Sporting
The Amazonian Sporting Trip of a Lifetime
Deep in the jungle of the Amazon Basin lies a surprisingly well-appointed lodge, where the only thing that tops the amenities just might be the fishing
Photo: Eric Kiel
You can reach a certain age at which there are only two categories of fishing trips worth carrying you away from your pipe and slippers: those on which the fishing itself is so good that you couldn’t care less about where you are doing it, and those on which the where you are doing it is so stimulating and new that the fishing itself happily takes a backseat to the adventure of being there.

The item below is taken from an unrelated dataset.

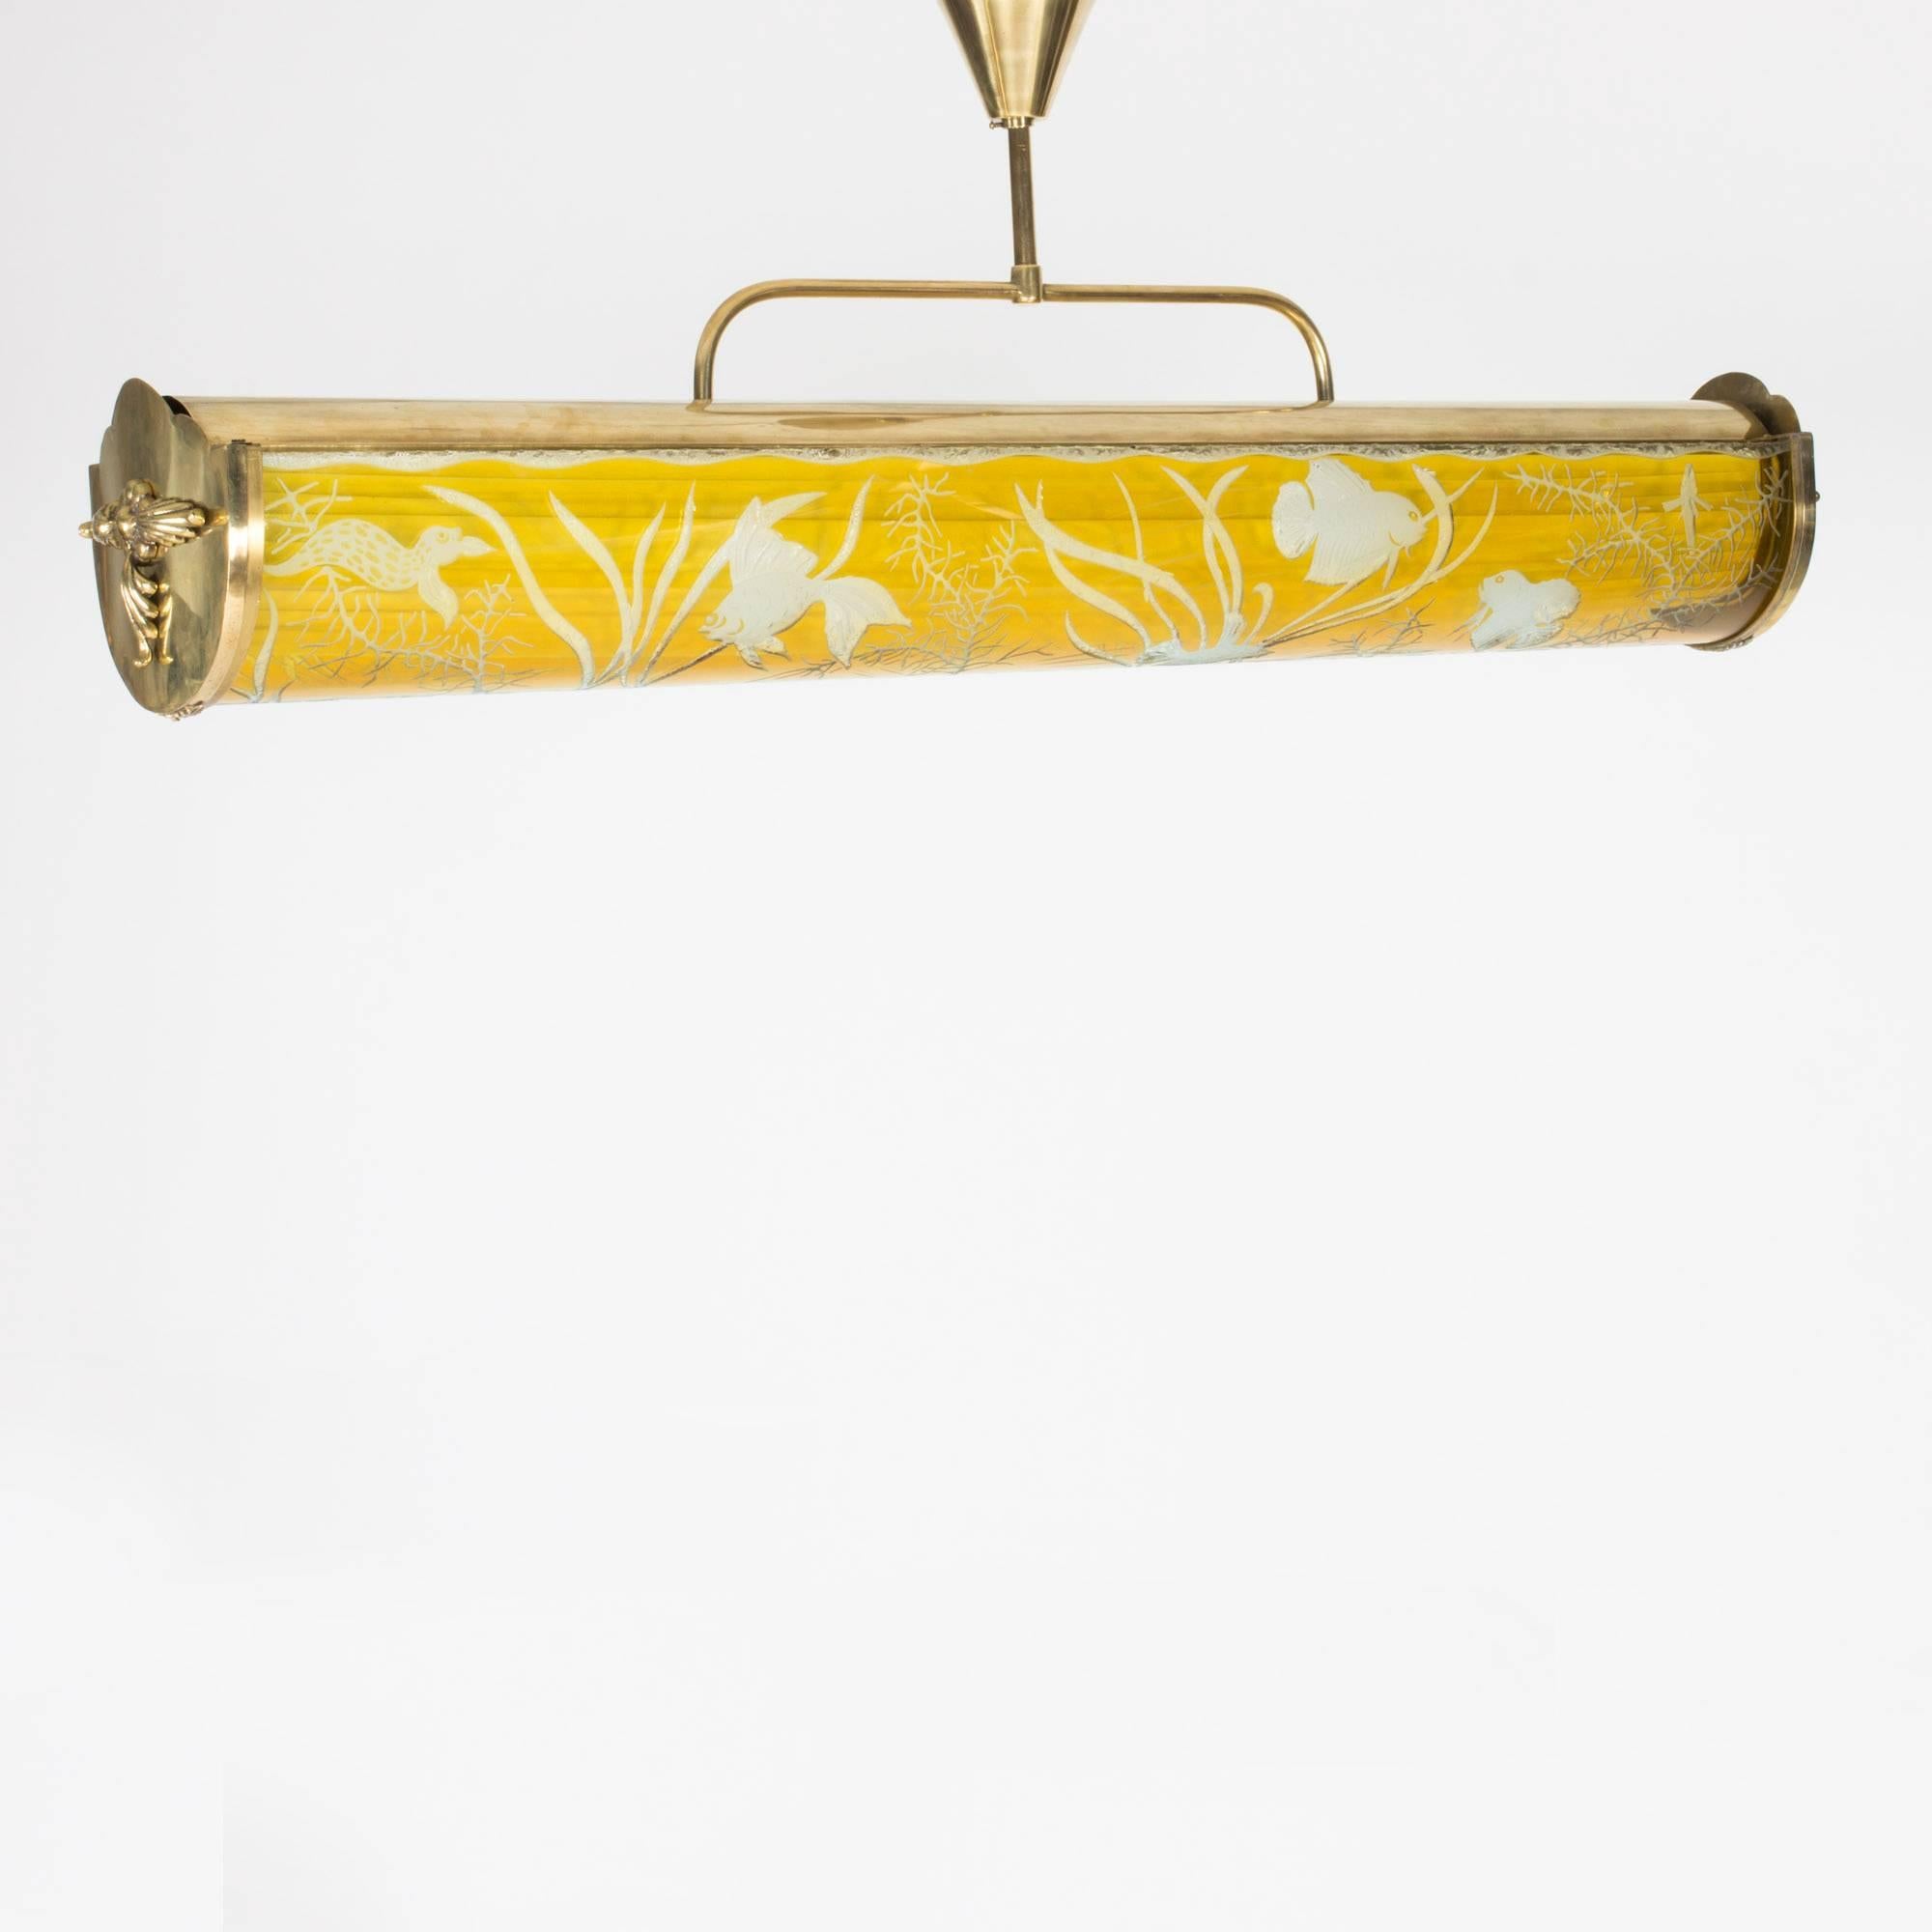 Incredibly beautiful ceiling light, made in Sweden in the 1940s. Made of brass with ornamental decorations on the ends and yellow glass that has a cut underwater motif. The top rims of the glass have a subtle wavy shape along the length where the
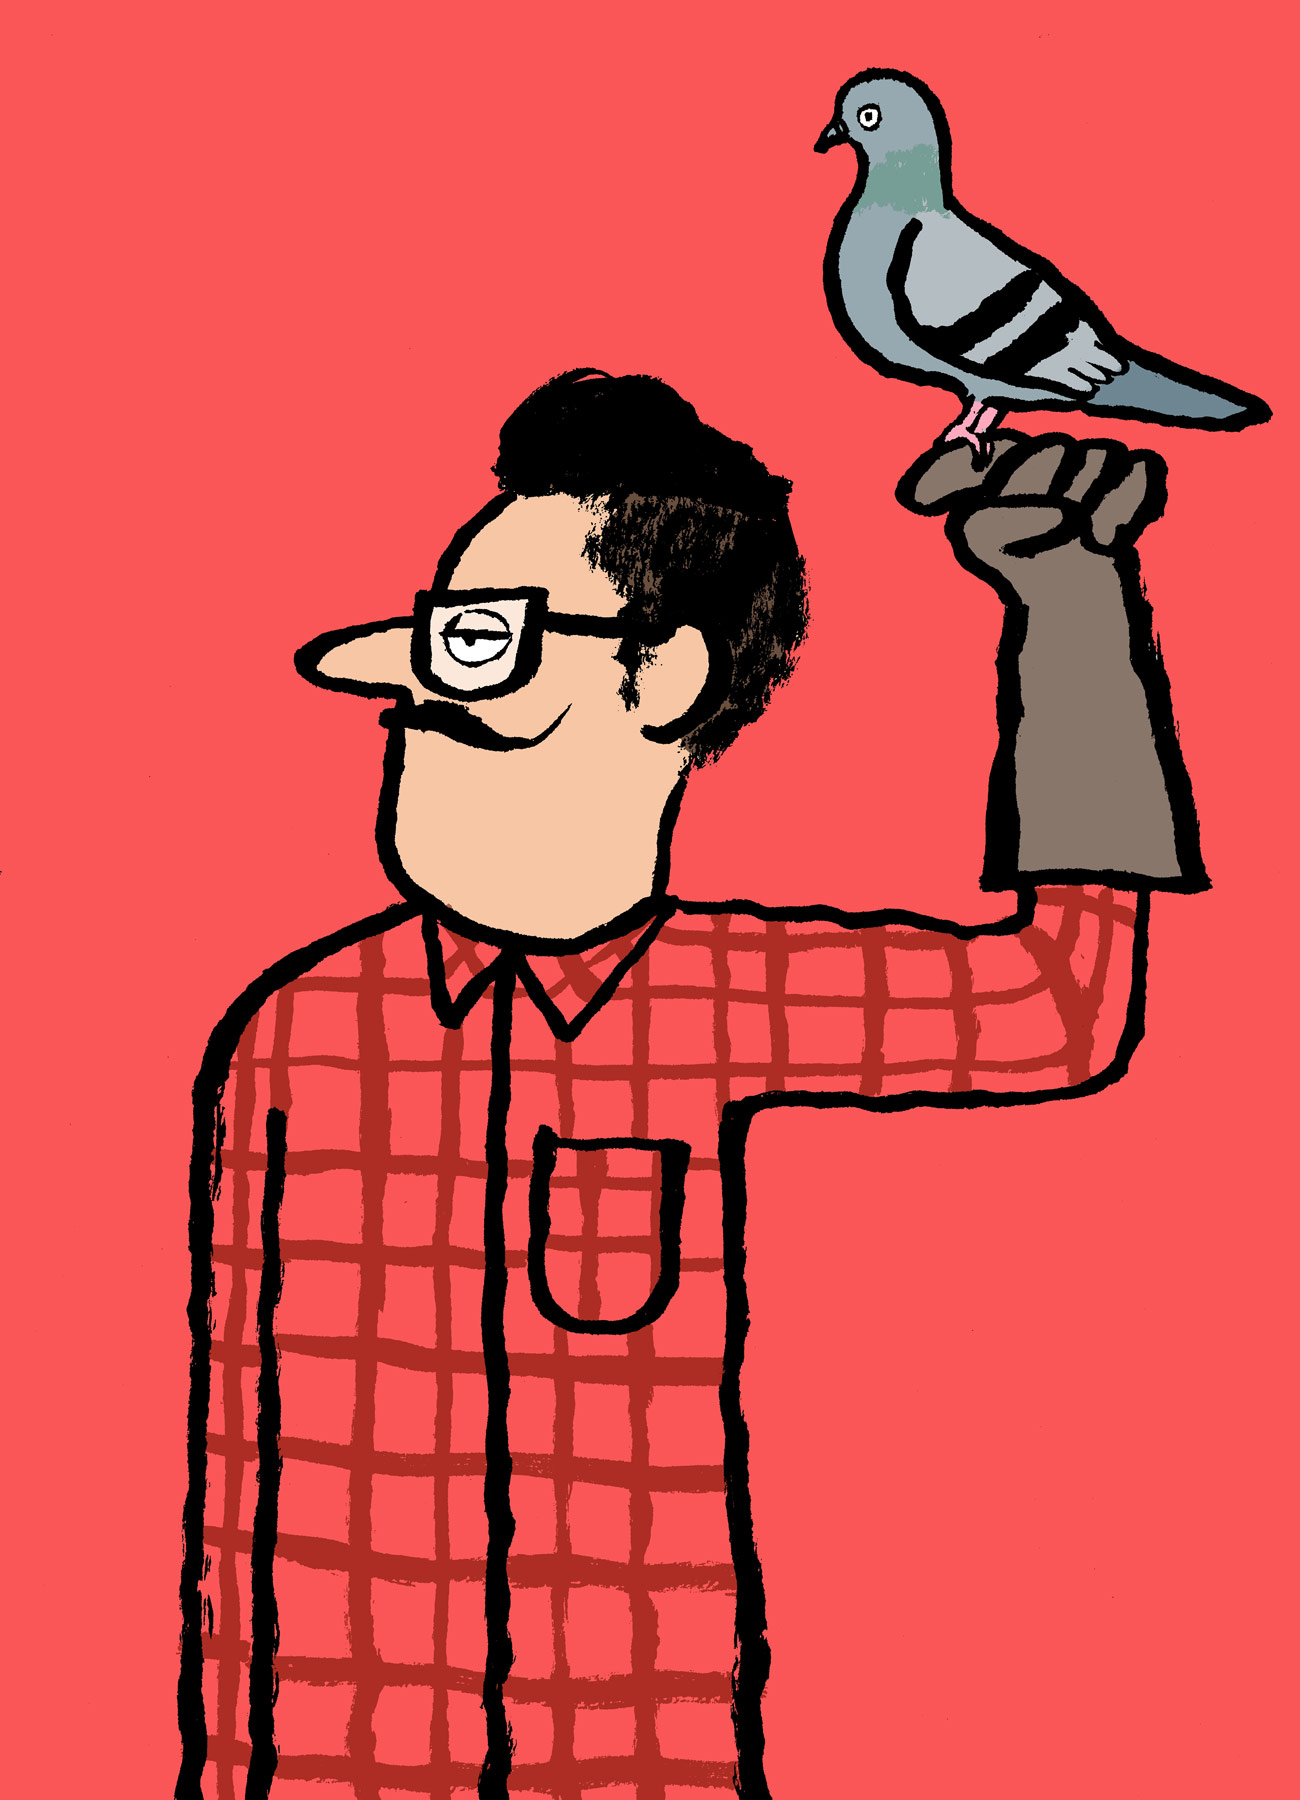 Modern Falconry: A man with a leather glove on and a pigeon on his finger

The ideal, of course, as rare as it is unforgettable, is a trip that marries the two categories into one of adventure and discovery on which the fishing happens to be superb—exactly like the jaunt my daughter, Greta; her husband, Michael; a group of our friends; and I were lucky enough to take last spring to the Brazilian Amazon.
None of us were in any doubt that it would relentlessly be a fishing trip, since the pretrip literature made it clear that our lodge offered scant other options. And after flying in two chartered Caravans 350 miles north of Manaus, Brazil, over an unbroken green sea of jungle canopy, with no more emergency landing possibilities than the mid-Pacific, to forty-eight miles north of the equator, just short of Venezuela to the northwest and Guiana to the northeast, in one of the Amazon basin’s last surviving tracts of uncut and all-but-uninhabited rain forest, none of us could doubt that it would also be an adventure.
Photo: Eric Kiel
It is the last week of March. Thirteen of us, eight men and five women, step out of the Caravans into a midmorning’s hammering heat, and there to greet us as if conjured up are a young couple named Suzanne and John who are proffering trays of cold caipirinhas, the refreshing and addictive Brazilian rum drink. I say a pox on anyone who holds that adventure must go without creature comforts, and I am not the only one in our group relieved by this first hint that Agua Boa Amazon Lodge is in agreement.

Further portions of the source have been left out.